Thinking about it. The Drowned World and Heart of Darkness. Brave New World and The Tempest. The Man in the High Castle and I Ching. Mefisto in Onyx and Faust. The Door into Summer and Satyricon. The Centauri Device and Comus. And now, this book: Beggars in Spain and Fountainhead.
I so very much enjoyed reading this book, too. I knew I would, ever since we brought it back from the used book store in Anaheim, last July. I did have a false disappointment when I first started it, though. The writing is imprecise; the science of sleep is skewed (long ago, I did have both a fascination with sleep and dreams, as well as ethology classes and Sleep Psychology in Irvine); it started with a juvenile character’s point of view. These flaws placed boulders right in front of the starting gate, as far as I was concerned. But imprecise writing is much more forgivable than pretentious writing (ala Octavia Butler, for instance), and given the deep history and life that swam out of the pages of this book, I was soon lost in the story, not noticing the writing at all, but living in the story itself – the sign of a great book. There were parts I lost faith in, but the story quickly wound me back in. Therefore, I look at this book as not so much as a piece of literature but as a living entity with its own flaws and outstanding virtues – an entity for whom I have great affection.
I know why I connected with this book so strongly. It touches on many themes dear to my heart, but it touches on something that has plagued me in particular: the envy of others. I have always dealt (and not well) with other people who were angry and hateful toward me because I could do (with my writing, my creativity, my comprehension, my sense of honor) what they could not – because, as my father put it when I was in first grade and ranting against the unfairness of it all, “They hate you because you are the bear with the brightest eyes.” Well, finally, here was a story that understood that, and therefore, understood me.
Kress writes winning characters. After looking up her website (I was wondering if she were local, because there are allusions to both Morro Bay and Monterey – she’s not), I saw that she had written a nonfiction book on characterization. I bought it. Sigh. And because there was a discount, I bought another of her books on plotting. Double sigh. I’m an addict.
In anticipation that this would be a wonderful book, I had bought a fancy beaded and tasseled “Dragonology” bookmark to replace the worn paper one that I had bought at the natural history museum in Paris. (That one was supposed to end up in the photo album. It still might.) It dawns on me that I have always admired those lovely, fancy bookmarks that are for sale everywhere (especially in bookstores), but have never bought one. That will change. It has pleased me so much, it is just ridiculous that a small piece of plastic can make me feel that rich and worldly.
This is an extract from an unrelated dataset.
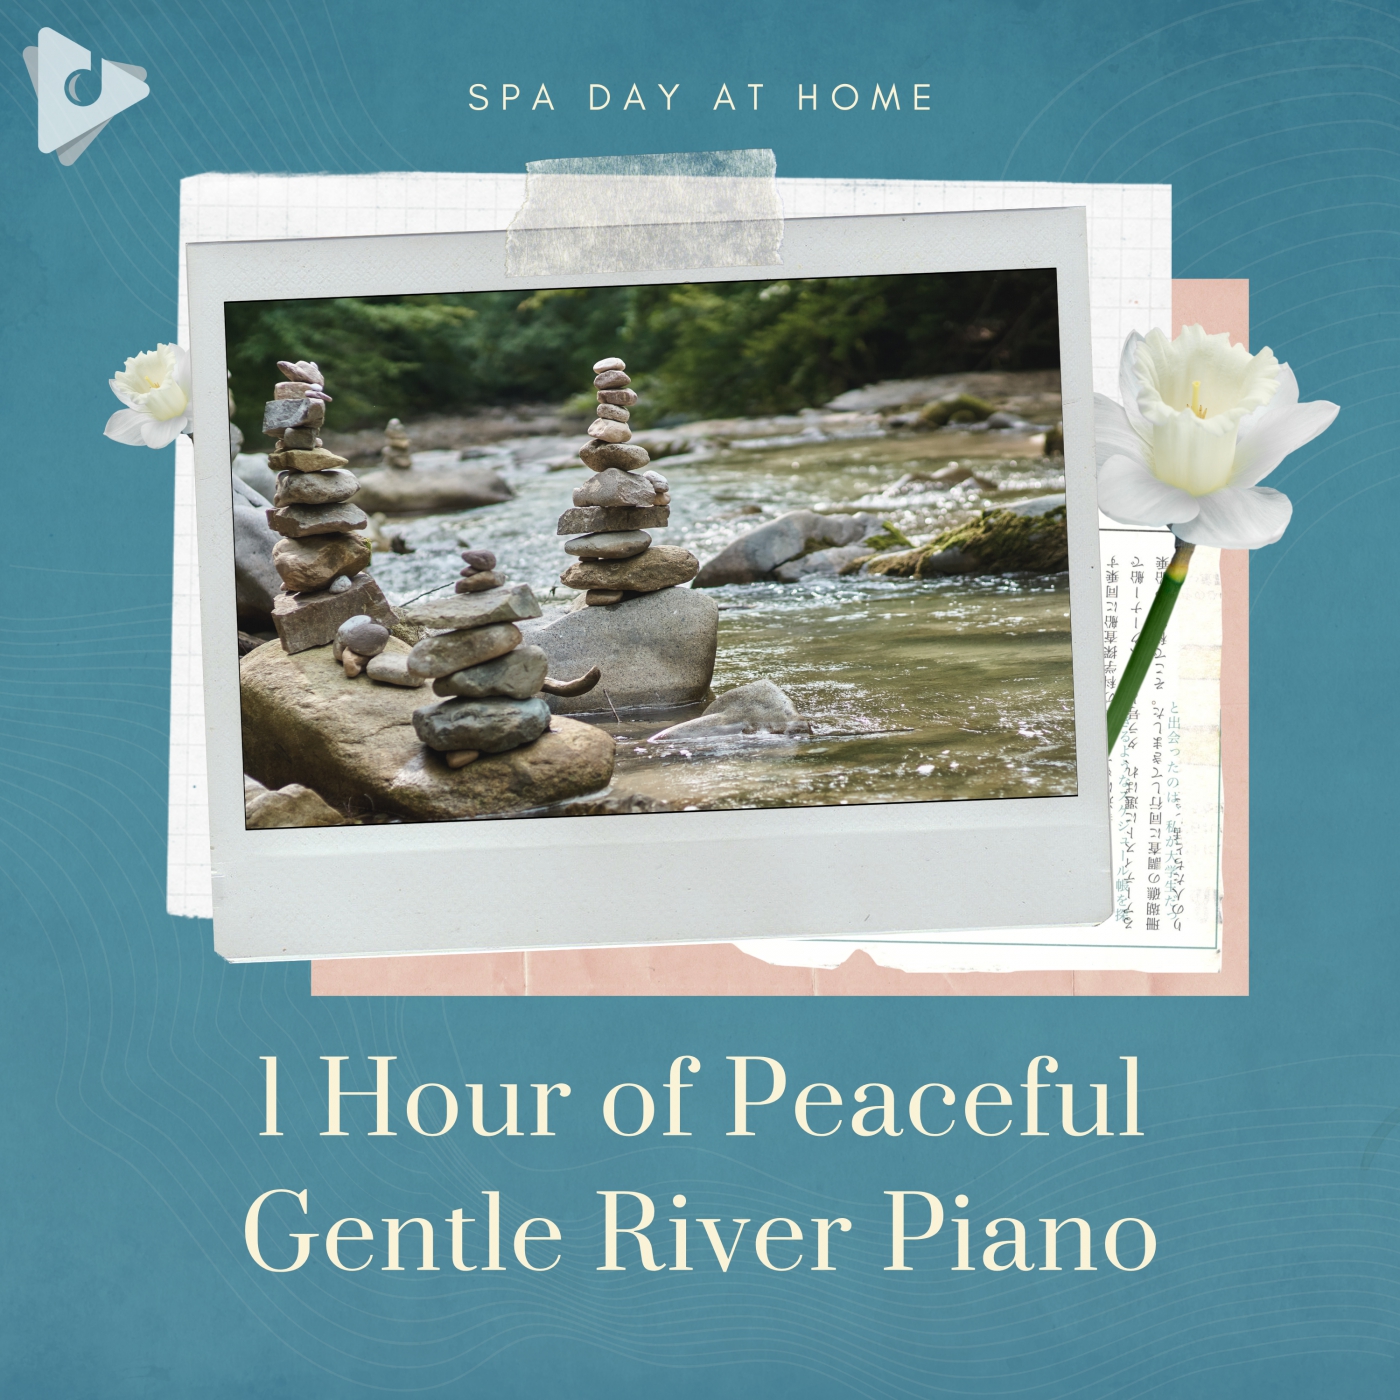 1 Hour of Peaceful Gentle River Piano

This writing lesson is so valuable for me: that like our own world, other literatures act as a kind of physics in the world of Story. There is a great lesson on character building, too. Regardless of the flaws a character has, if they have some admirable qualities, they become sympathetic. I loved Leisha’s “naive idealism” and light-filled joy, but I also loved Jennifer’s fierce ability to control her thoughts and create three-dimensional diagram trees in the bleakest of environments.